Tensor Regression Layers

In deep neural networks, while convolutional layers map between high-order activation tensors, the output is still obtained through linear regression: first the activation is flattened before being passed through linear layers.

This approach has several drawbacks:

  • Linear regression discards topological (e.g. spatial) information.
  • Very large number of parameters (product of the dimensions of the input tensor times the size of the output)
  • Lack of robustness

A Tensor Regression Layer (TRL) generalizes the concept of linear regression to higher-order but alleviates the above issues. It allows to preserve and leverage multi-linear structure while being parsimonious in terms of number of parameters. The low-rank constraints also acts as an implicit reguralization on the model, typically leading to better sample efficiency and robustness.

../_images/TRL.png

TRL in TensorLy-Torch

Now, let’s see how to do this in code with TensorLy-Torch

Random TRL

Let’s first see how to create and train a TRL from scratch

import tltorch
import torch
from torch import nn
import numpy as np
input_shape = (4, 5)
output_shape = (6, 2)
batch_size = 2

device = 'cpu'

x = torch.randn((batch_size,) + input_shape,
                dtype=torch.float32, device=device)
trl = tltorch.TuckerTRL(input_shape, output_shape, rank='same')
result = trl(x)

From a Linear layer

You can also train a TRL from a Linear layer, by learning the pooling as part of the TRL. Imagine you have an exciting blog with a flattening layer followed by fully-connected layer:

in_features = 10
out_features = 12
batch_size = 2
spatial_size = 4
in_rank = 10
out_rank = 12
class Block(nn.Module):
    def __init__(self, in_features, out_features):
        super().__init__()
        self.pooling = nn.AdaptiveAvgPool2d((1, 1))
        self.fc = nn.Linear(in_features, out_features, bias=False)

    def forward(self, x):
        x = self.pooling(x)
        x = x.squeeze()
        x = self.fc(x)
        return x
block = Block(in_features, out_features)

You can replace this block with a TRL that will initially return approximately the same result:

trl = tltorch.TuckerTRL((in_features, spatial_size, spatial_size), # input shape
                (out_features, ), # output shape
                rank=(in_features, 1, 1, out_features),#full rank
                project_input=True) # More efficient computation
trl.init_from_linear(block.fc.weight, None, pooling_modes=(1, 2))

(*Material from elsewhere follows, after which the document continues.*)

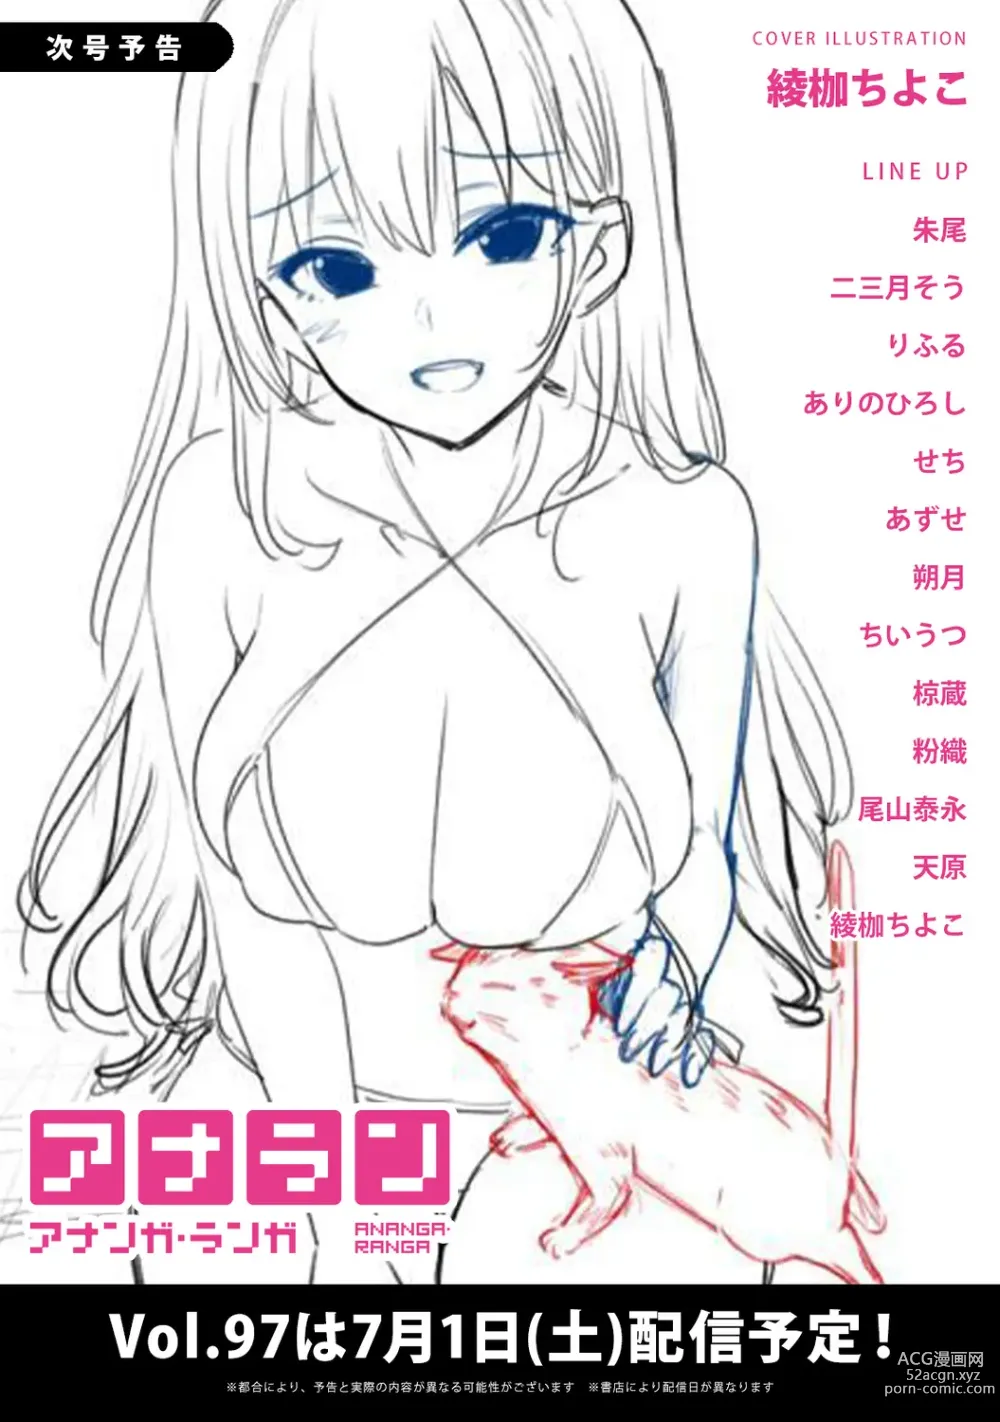 Page 426 of manga COMIC Ananga Ranga Vol. 96

Let’s try it with some dummy data. We first create a random batch of 3D samples (with each in_features channel and spatial size spatial_size x spatial_size):

data = torch.randn((batch_size, in_features, spatial_size, spatial_size))

We can pass the data through our flattening block…

res_block = block(data)

and through our TRL

res_trl = trl(data)

Let’s now print the result

res_block
tensor([[-0.1229, -0.1147, -0.1640,  0.1309, -0.1184, -0.0184, -0.1059,  0.0704,
          0.0293,  0.1542,  0.0767, -0.0413],
        [-0.0451, -0.0278,  0.1947,  0.0358,  0.0316, -0.0535,  0.1365,  0.0663,
         -0.1503, -0.0498,  0.0643, -0.2299]], grad_fn=<MmBackward>)
res_trl
tensor([[-0.1229, -0.1147, -0.1640,  0.1309, -0.1184, -0.0184, -0.1059,  0.0704,
          0.0293,  0.1542,  0.0767, -0.0413],
        [-0.0451, -0.0278,  0.1947,  0.0358,  0.0316, -0.0535,  0.1365,  0.0663,
         -0.1503, -0.0498,  0.0643, -0.2299]], grad_fn=<ViewBackward>)

As you can see, they are pretty much the same!

Let’s verify that:

from tensorly import testing
testing.assert_array_almost_equal(res_trl, res_block, decimal=4)